Congenital ranula is rare. We report a large, symptomatic, congenital plunging ranula associated with a salivary gland cyst in the neck. To the best of our knowledge, this is the first such reported case. Even though both the cysts had their origin from the sublingual gland, only the cervical cyst had a capsular covering. Herniation of a part of the immature sublingual gland anlage through a congenital mylohyoid defect, its separation, and subsequent maturation could explain this occurrence.

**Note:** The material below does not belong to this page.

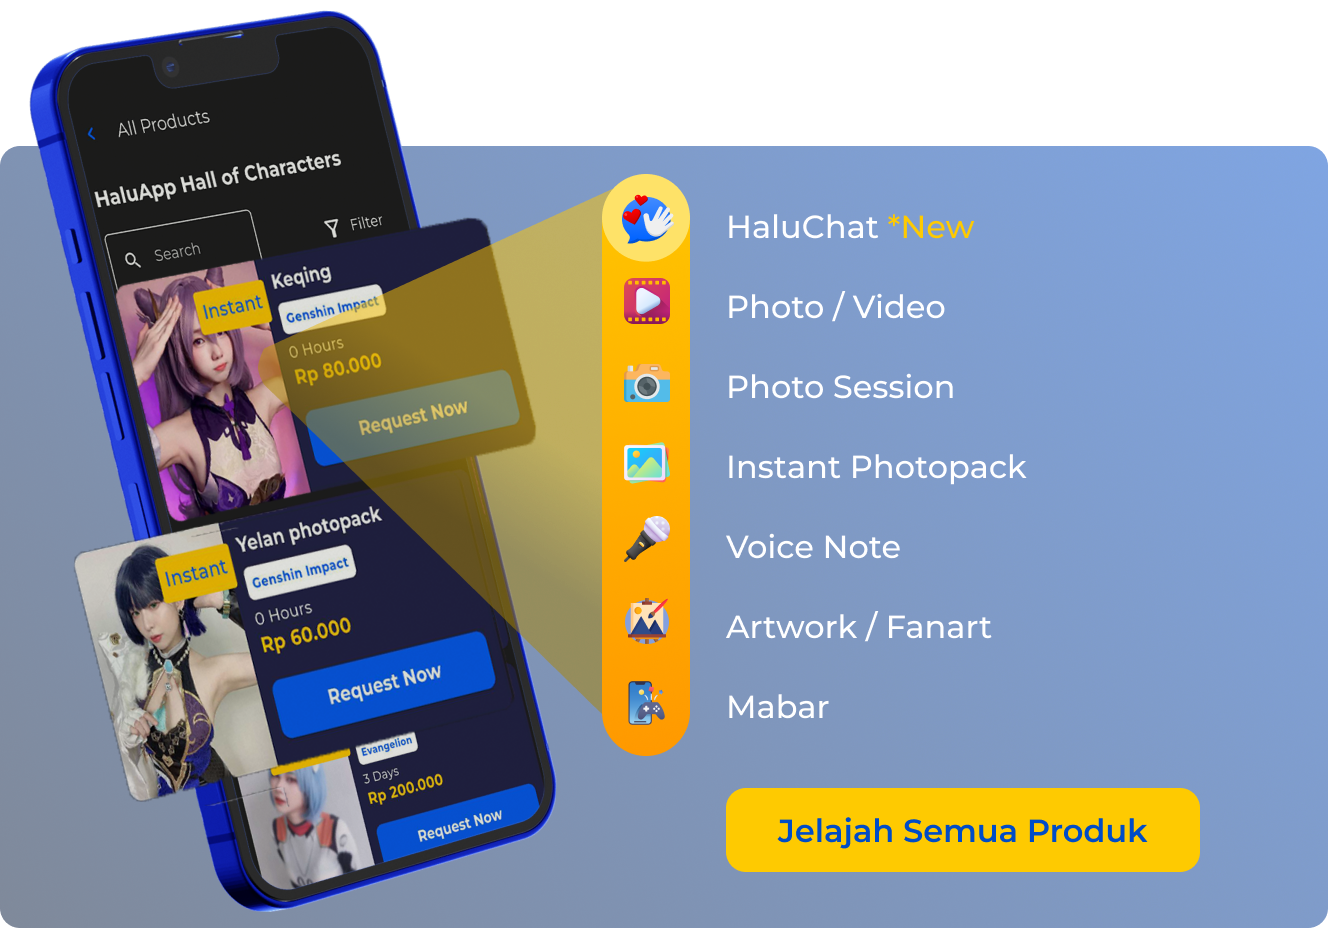 Semua produk ada di HaluApp!. HaluChat Photo / Video Photo Session Instant Photopack Voice Note Artwork / Fanart Mabar. Jelajah Semua Produk HaluApp

Keywords: Herniation, mylohyoid defect, plunging ranula


How to cite this article:
Pant N, Verma AK, Khan TR, Wakhlu A. Ectopic salivary gland cyst in the neck: Association with congenital plunging ranula. J Indian Assoc Pediatr Surg 2017;22:251-3

How to cite this URL:
Pant N, Verma AK, Khan TR, Wakhlu A. Ectopic salivary gland cyst in the neck: Association with congenital plunging ranula. J Indian Assoc Pediatr Surg [serial online] 2017 [cited 2019 Aug 18];22:251-3. Available from: http://www.jiaps.com/text.asp?2017/22/4/251/214449



   Introduction Top


Congenital ranula is rare, frequently small, and asymptomatic at birth. A plunging congenital ranula is even more infrequent. We report the case of a large, plunging ranula associated with an ectopic salivary gland cyst in the neck of a newborn. Such a case has not been reported yet. Also discussed, is the possible mechanism of its occurrence.


   Case Report Top


A 5-day-old male baby was referred to our hospital with a large oral swelling and difficulty in breastfeeding. On examination, there was a large tense, sublingual cystic swelling on the left side. It had lifted the tongue upward, backward, and to the right and produced a bulge in the submental and left submandibular region, which was confirmed on bimanual palpation. Another cystic swelling was present in the region of the left anterior triangle, which became more apparent when the child cried. Neither cross fluctuations nor any fluid shift could be elicited across the intraoral and the cervical swelling. The oral swelling was aspirated at birth in the previous center, but it had recurred rapidly to its present size. A possibility of plunging ranula/lymphangioma was kept.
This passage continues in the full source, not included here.